Financial secretary to the Treasury David Gauke has ruled out a tax amnesty for members of the Ark pension schemes.

He was speaking during a debate on the issue requested by Blackburn MP Jack Straw, who spoke of a constituent who was facing having to pay £32,000 in tax on money released from his pension.

Mr Straw, temporarily sitting as an independent MP, said: “I hope that in this short debate the minister can clarify what the future holds for Mr Smith and other members of the Ark schemes.

“What Mr Smith most wants is to be put back to the status quo ante. In other words, he refunds the total of what he has received from Ark – £58,000 – and it is invested by respectable trustees in the usual way, and the benefits of his pension pot then become available to him, in the usual way, from the age of 55.

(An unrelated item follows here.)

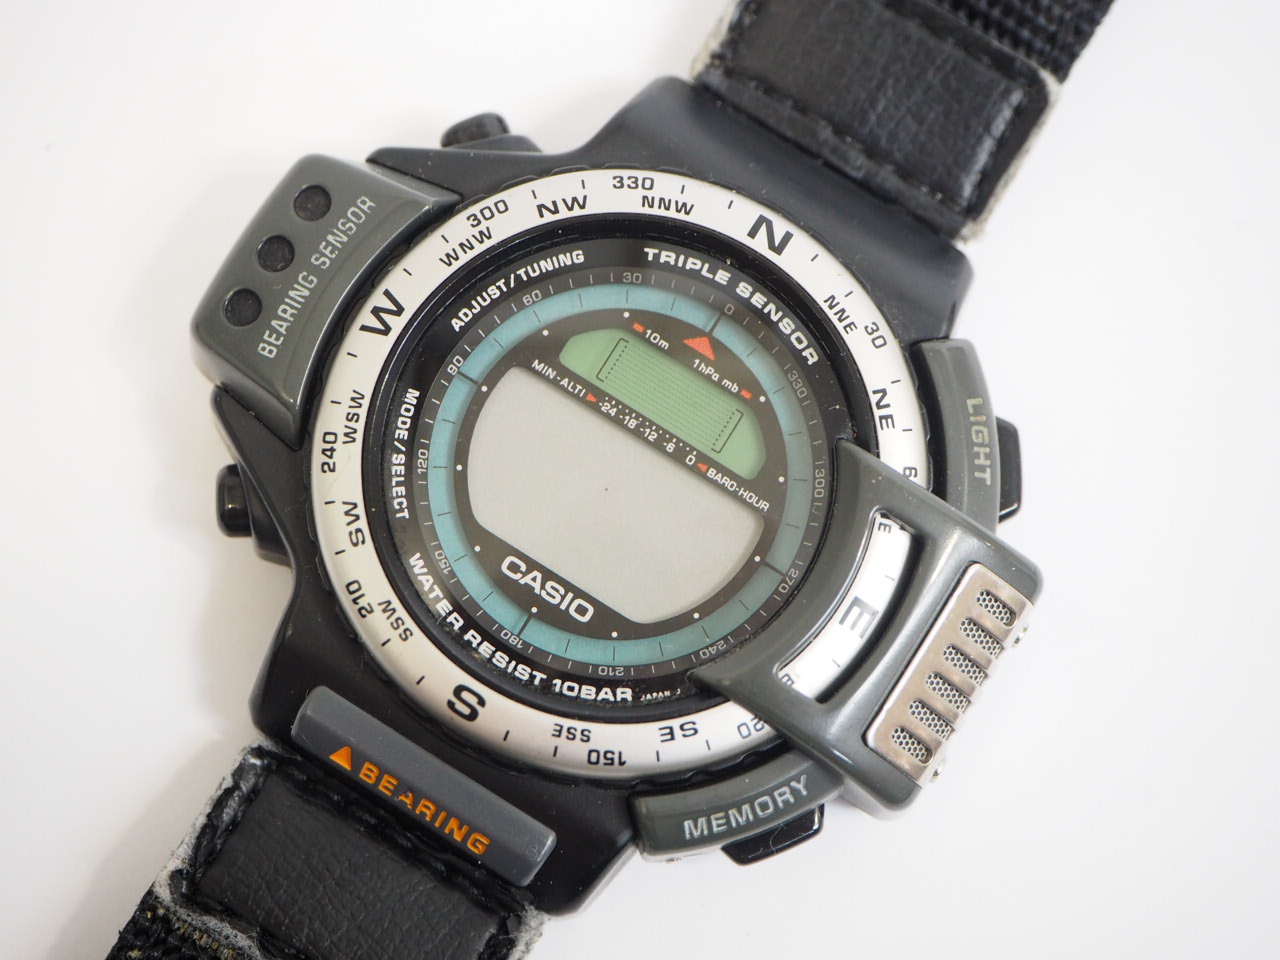 CASIO/カシオ TRIPLE SENSOR/トリプルセンサー PRO TRECK/プロトレック ATC-1100 腕時計

“Of that sum £26,000 would be paid direct by him and the other £32,300, which is currently held in a suspense account by HMRC, would be paid by HMRC to the new trustees.”

Mr Straw told the House of Commons that Mr Smith, who is in his 40s, started saving aged 18 and built up a pension pot of £112,000.

However, after being made redundant in 2010 he saw an advertisement promising to “release 50 per cent of his pension tax-free” under a scheme that claimed to be registered with Revenue & Customs and The Pensions Regulator, and joined the Ark scheme.

But Conservative MP Mr Gauke ruled out any amnesty, though he admitted it was probably unfair.

He said: “In the situation as he describes it, it is hard not to be sympathetic to an individual placed in that position.

“However, the law is very clear that a loan payment of this sort constitutes a ‘payment’, and certain consequences follow.

“Although this might be unfair – I am sure that it is – on the right honourable gentleman’s constituent, others who are acting in not quite such a degree of good faith might attempt to liberate, as it were, their pension in the hope that it does not get picked up, and in the knowledge that if it does, they are in no worse a situation.”

Adviser View

Dennis Hall, chief executive of London-based Yellowtail Financial Planning, said: “The government’s position is the right one because it doesn’t open you up to allegations that you have bent the rules for one group but not another.

“As harsh as it may sound, the Ark victims should be lobbying to change the law rather than go around it.”